OLEH:
Berdasarkan info dari KPAI, Dalam kurun waktu tiga tahun terakhir bisa
dikatakan menjadi tahun yang sangat memprihatinkan bagi anak Indonesia. KPAI
atau Komisi Perlindungan Anak Indonesia menemukan ratusan kasus kekerasan
seksual terhadap anak yang diduga dilakukan oleh orang terdekat anak. Jasra Putra
selaku Komisioner KPAI mengungkapkan bahwa terdapat data yang menunjukan
bahwa terdapat 218 kasus kekerasan seksual anak pada tahun 2015, 120 kasus
kekerasan seksual pada anak di tahun 2016, dan pada tahun 2017, terdapat 116
kasus. Dari data tersebut KPAI menyatakan bahwa pelaku kekerasan seksual pada
anak ialah orang terdekat seperti orangtua korban/ayah tiri dan kandung, keluarga
terdekat dan teman korban.Dalam kasus kekerasan seksual yang marak terjadi,
anak menjadi kelompok yang sangat rentan terhadap kekerasan seksual karena
anak selalu diposisikan sebagai sosok yang lemah dan tidak berdaya.
Hampir dari setiap kasus yang diungkap, pelakunya adalah orang yang dekat
korban.

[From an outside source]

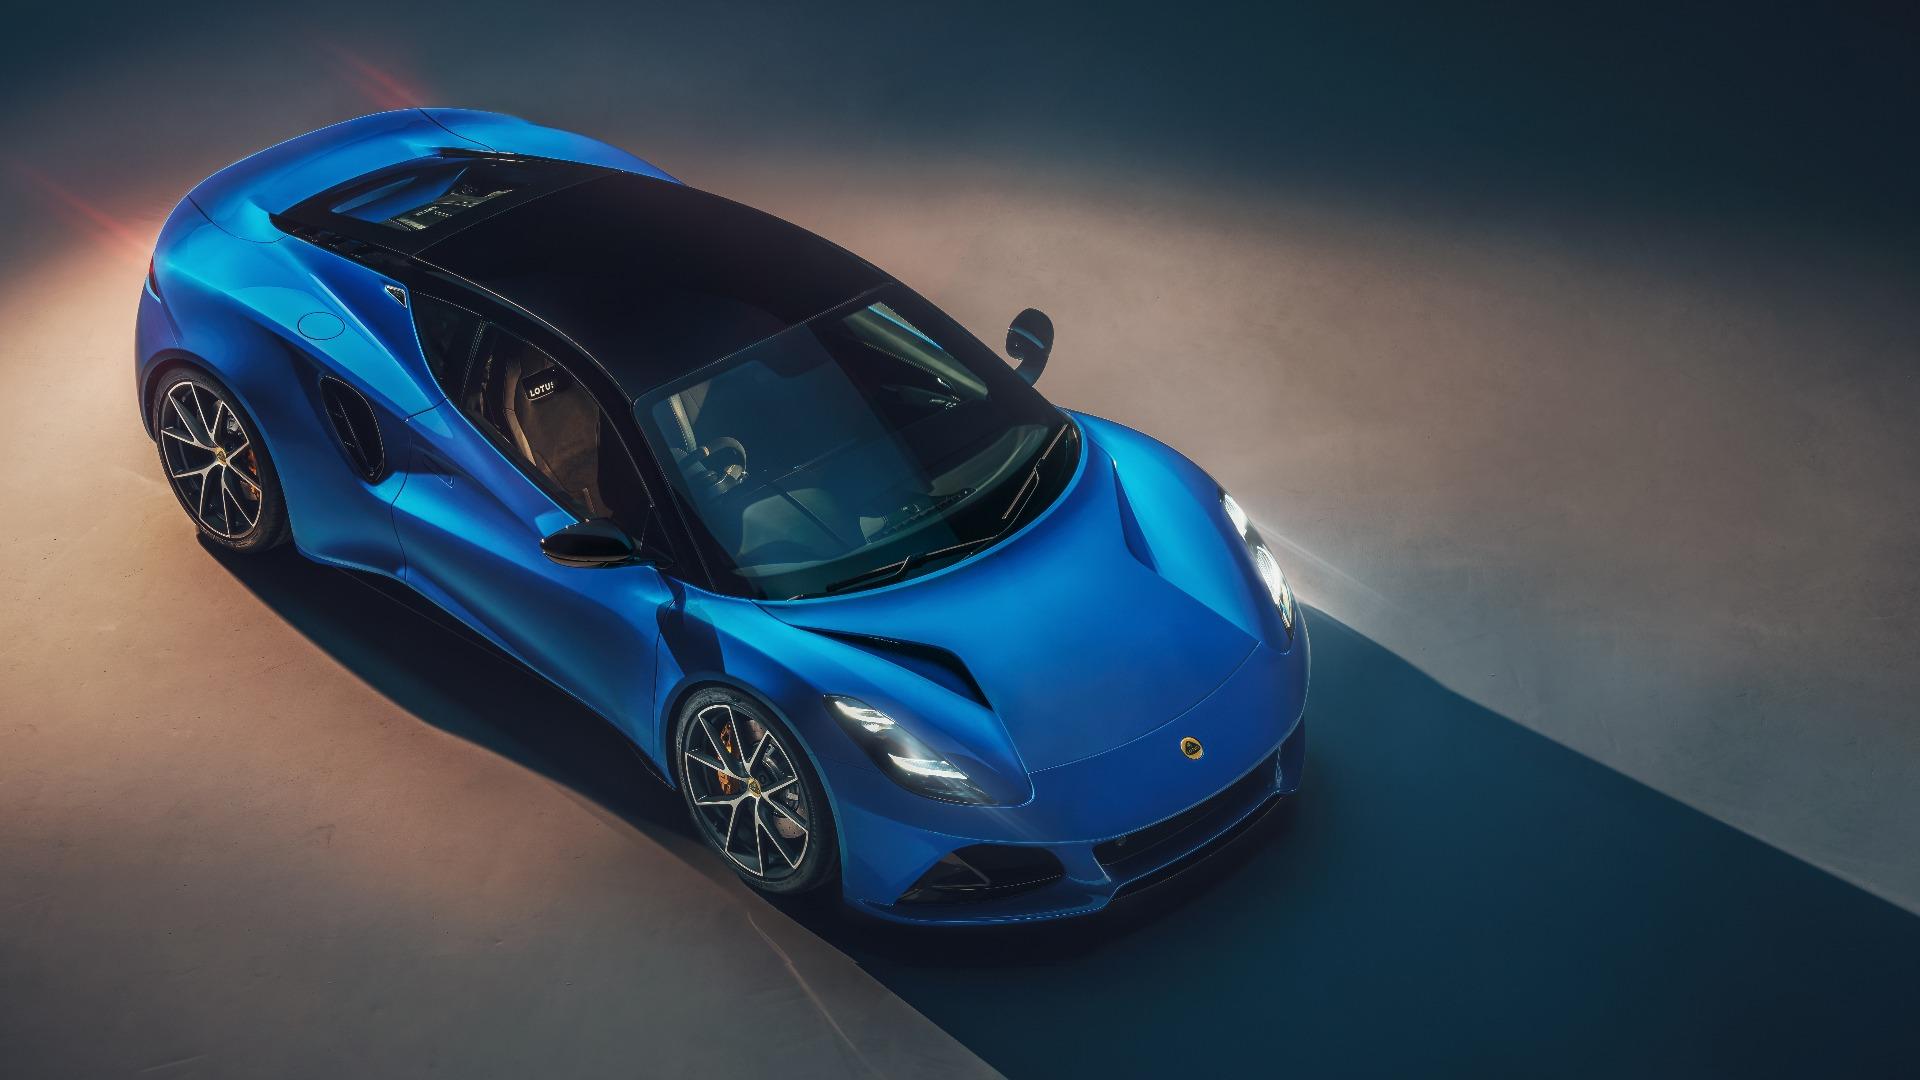 Lotus' nye modell blir den siste med forbrenningsmotor

Tak sedikit pula pelakunya adalah orang yang memiliki dominasi atas
korban, seperti orang tua dan guru. Tidak ada satupun karakteristik khusus atau tipe
kepribadian yang dapat diidentifikasi dari seorang pelaku kekerasan seksual terhadap
anak. Dengan kata lain, siapa pun dapat menjadi pelaku kekerasan seksual terhadap
anak atau pedofilia. Kemampuan pelaku menguasai korban, baik dengan tipu daya
maupun ancaman dan kekerasan, menyebabkan kejahatan ini sulit dihindari. Dari
seluruh kasus kekerasan seksual pada anak baru terungkap setelah peristiwa itu
terjadi, dan tak sedikit yang berdampak fatal. Secara umum pengertian kekerasan
seksual pada anak adalah keterlibatan seorang anak dalam segala bentuk aktivitas
seksual yang terjadi sebelum anak mencapai batasan umur tertentu yang ditetapkan
oleh hukum negara yang bersangkutan dimana orang dewasa atau anak lain yang
usianya lebih tua atau orang yang dianggap memiliki pengetahuan lebih dari anak
memanfaatkannya untuk kesenangan seksual atau aktivitas seksual (CASAT
Programme, Child Development Institute; Boyscouts of America; Komnas PA).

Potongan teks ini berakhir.